Making respiratory measurements immediately after birth is very difficult. This is an area of research where it is not possible to study large numbers in detail. We were only able to record more mature preterm infants because we aimed to record only those who were breathing without assistance. To have minimal interference with the monitoring and stabilization of preterm and term infants at delivery, we recorded for only 90 s. It is possible that more differences between the groups would have appeared if more immature preterm infants were studied or if recordings were made for longer periods.

Although using a face mask with a pneumotachometer attached is an accepted and only method for measuring respiratory parameters after birth (37,38), it may have influenced the breathing pattern by stimulating respiratory reflexes and thereby influencing the tidal volume and respiratory rate (39,40). In previous studies, no adverse effects of using a face mask during the first breaths were reported (1,2,7,11). In addition, an open face mask with a small pneumotachograph attached causes less interference to the infants' breathing than methods used in previous studies (16,8).

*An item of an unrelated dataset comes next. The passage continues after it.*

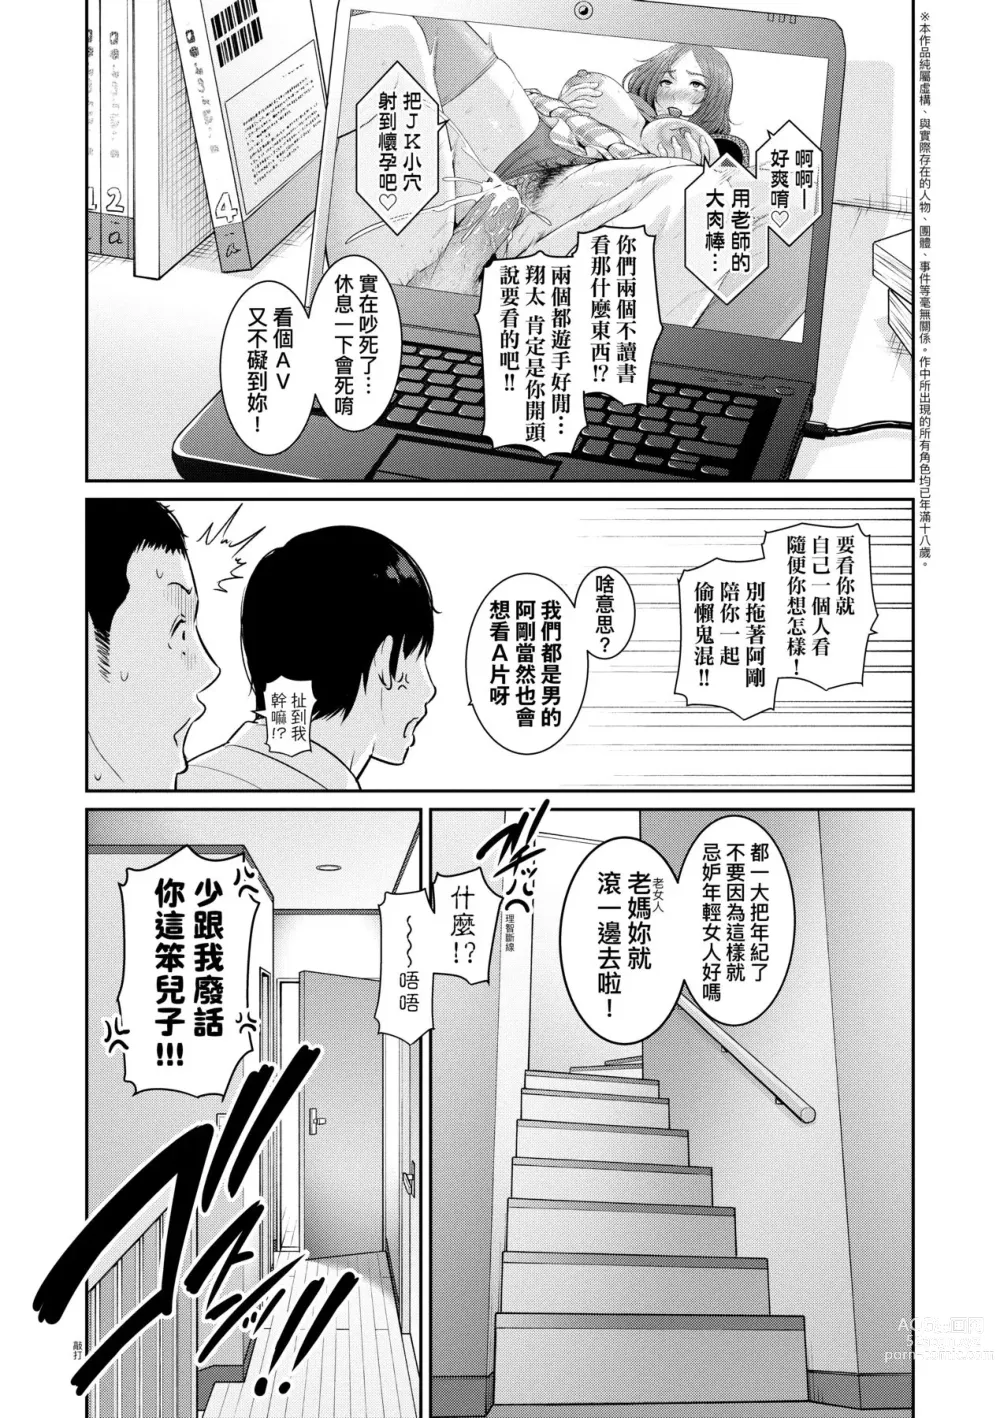 Page 6 of manga 續．朋友的馬麻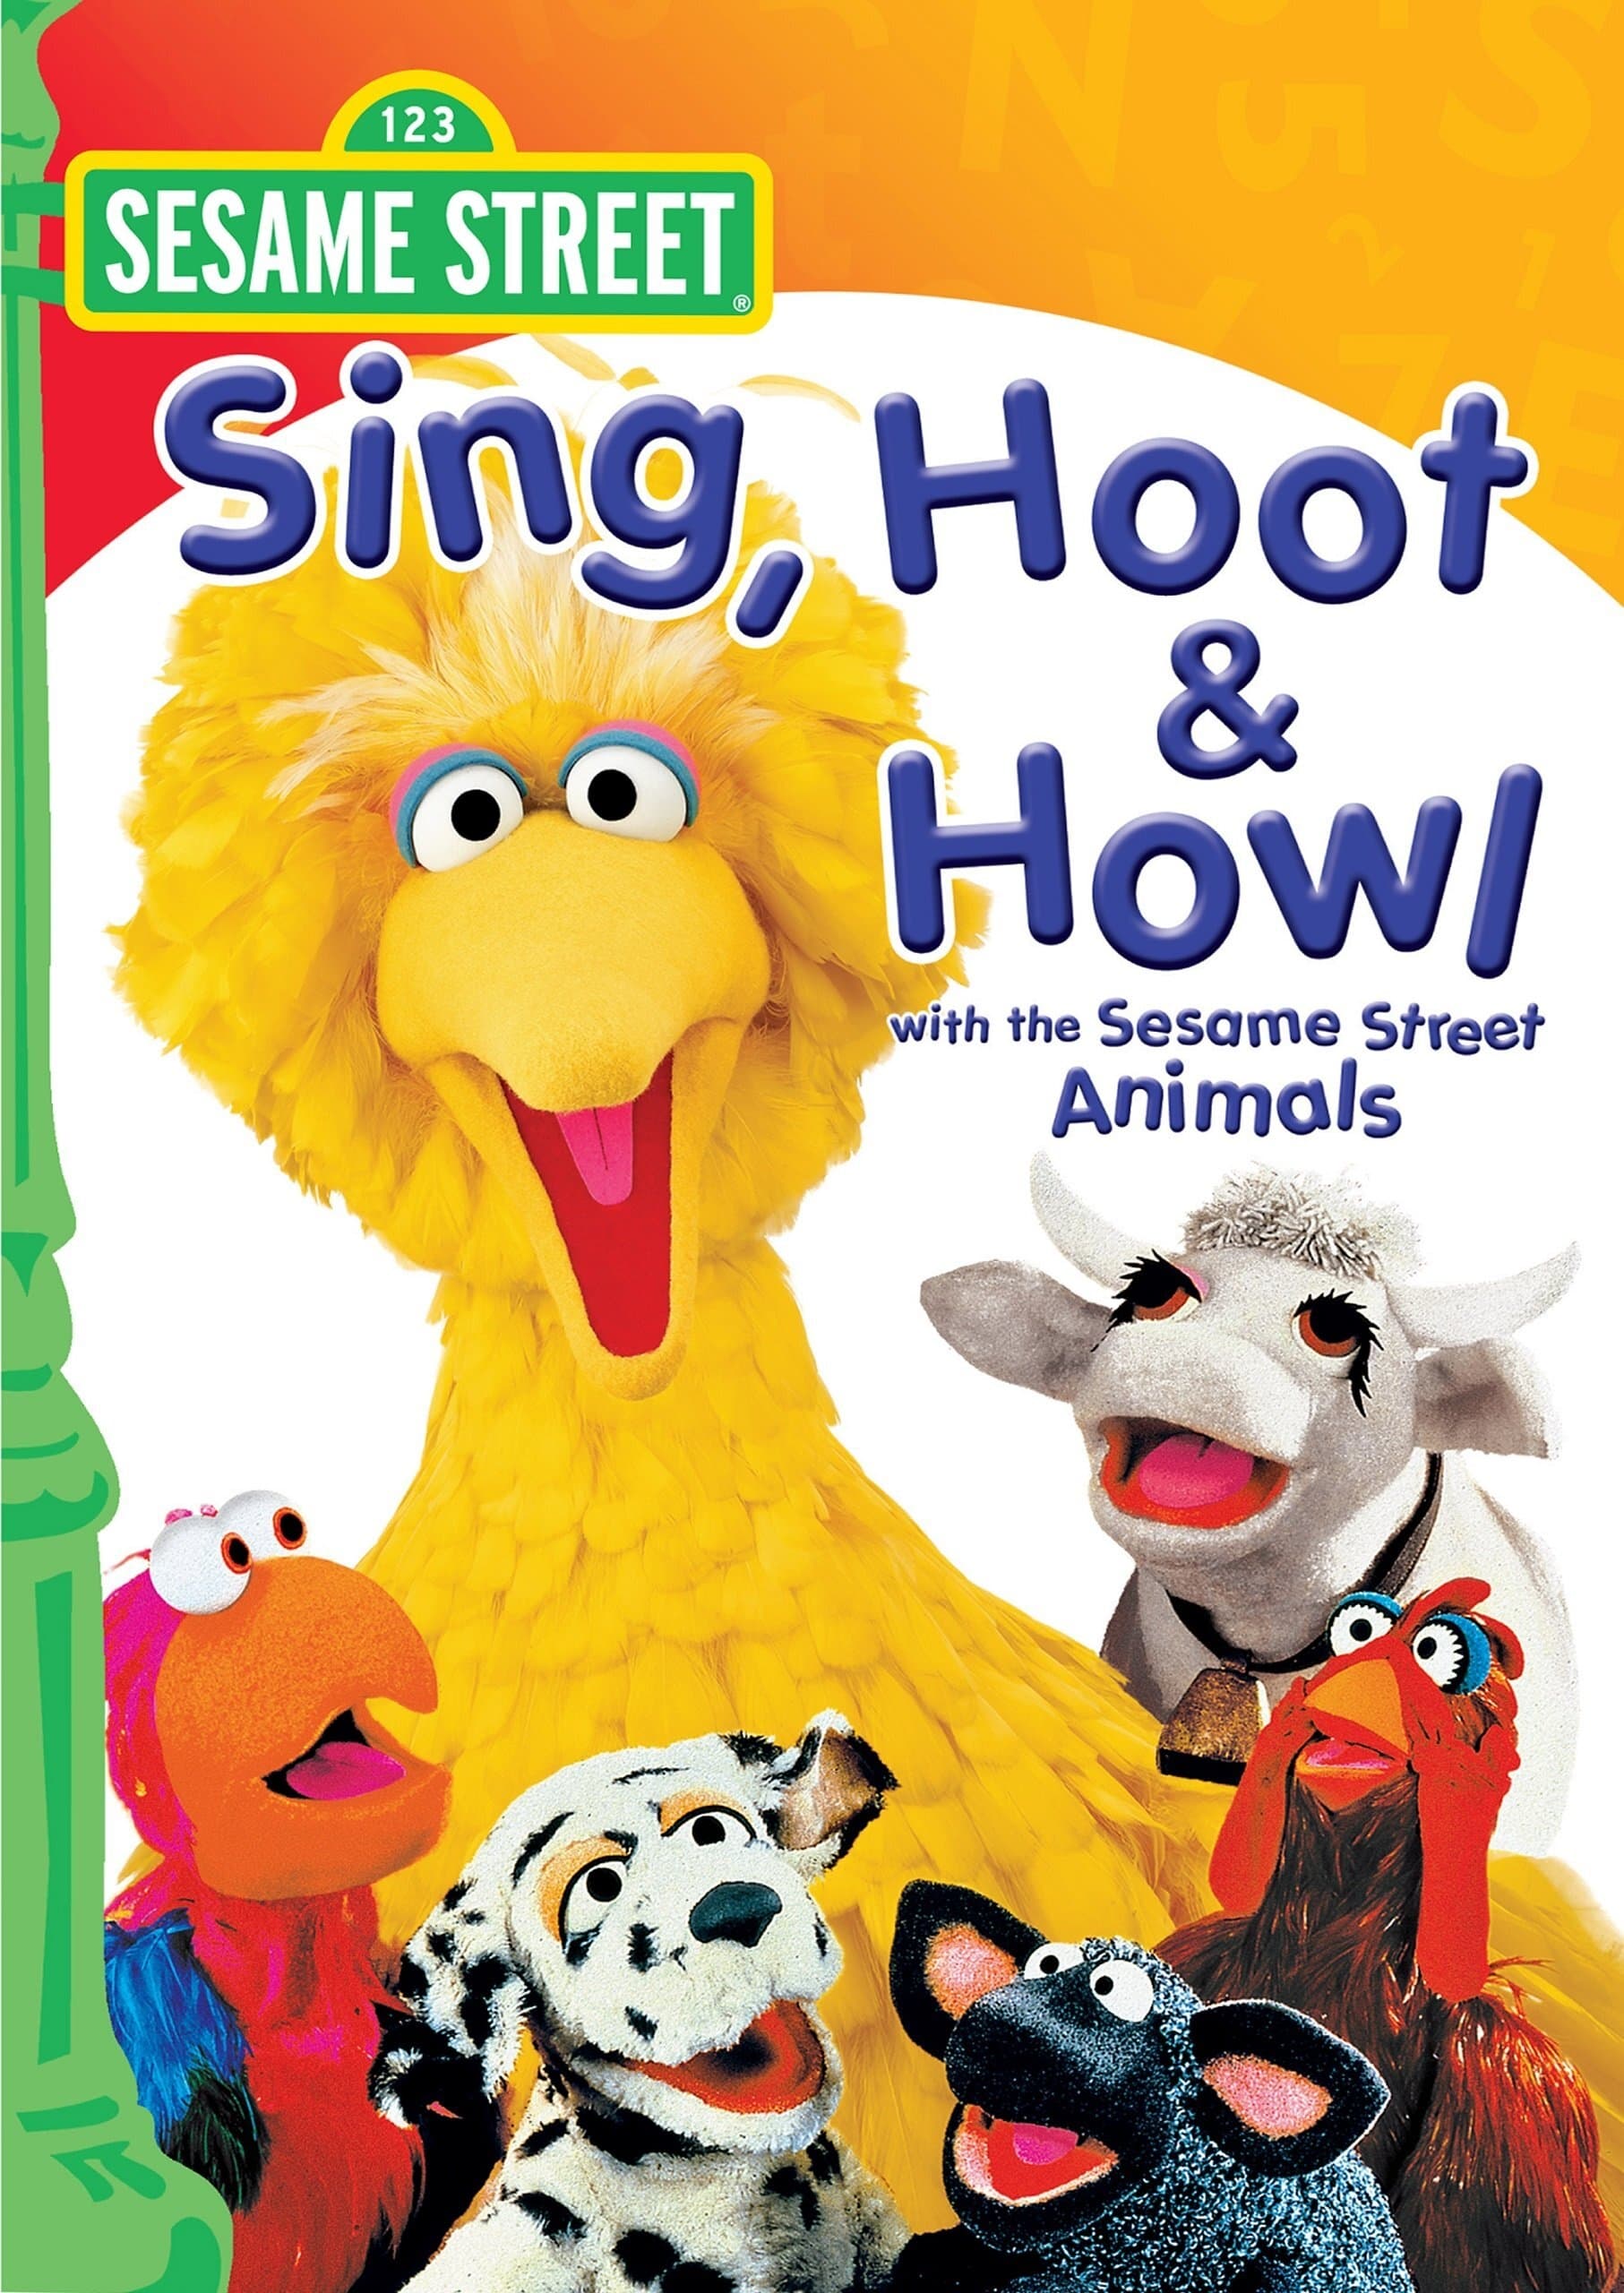 Sesame Street: Sing, Hoot & Howl with the Sesame Street Animals

In conclusion, this is the first report that describes in detail the breathing patterns of preterm and term infants immediately after birth. Both preterm and term infants frequent brake expiration, most often represented by a crying pattern. The crying pattern has not been described before but seems to be a method of breathing that uses expiratory braking and facilitates lung volume recruitment. We have shown that preterm infants use significantly more expiratory breath holds to defend their lung volume.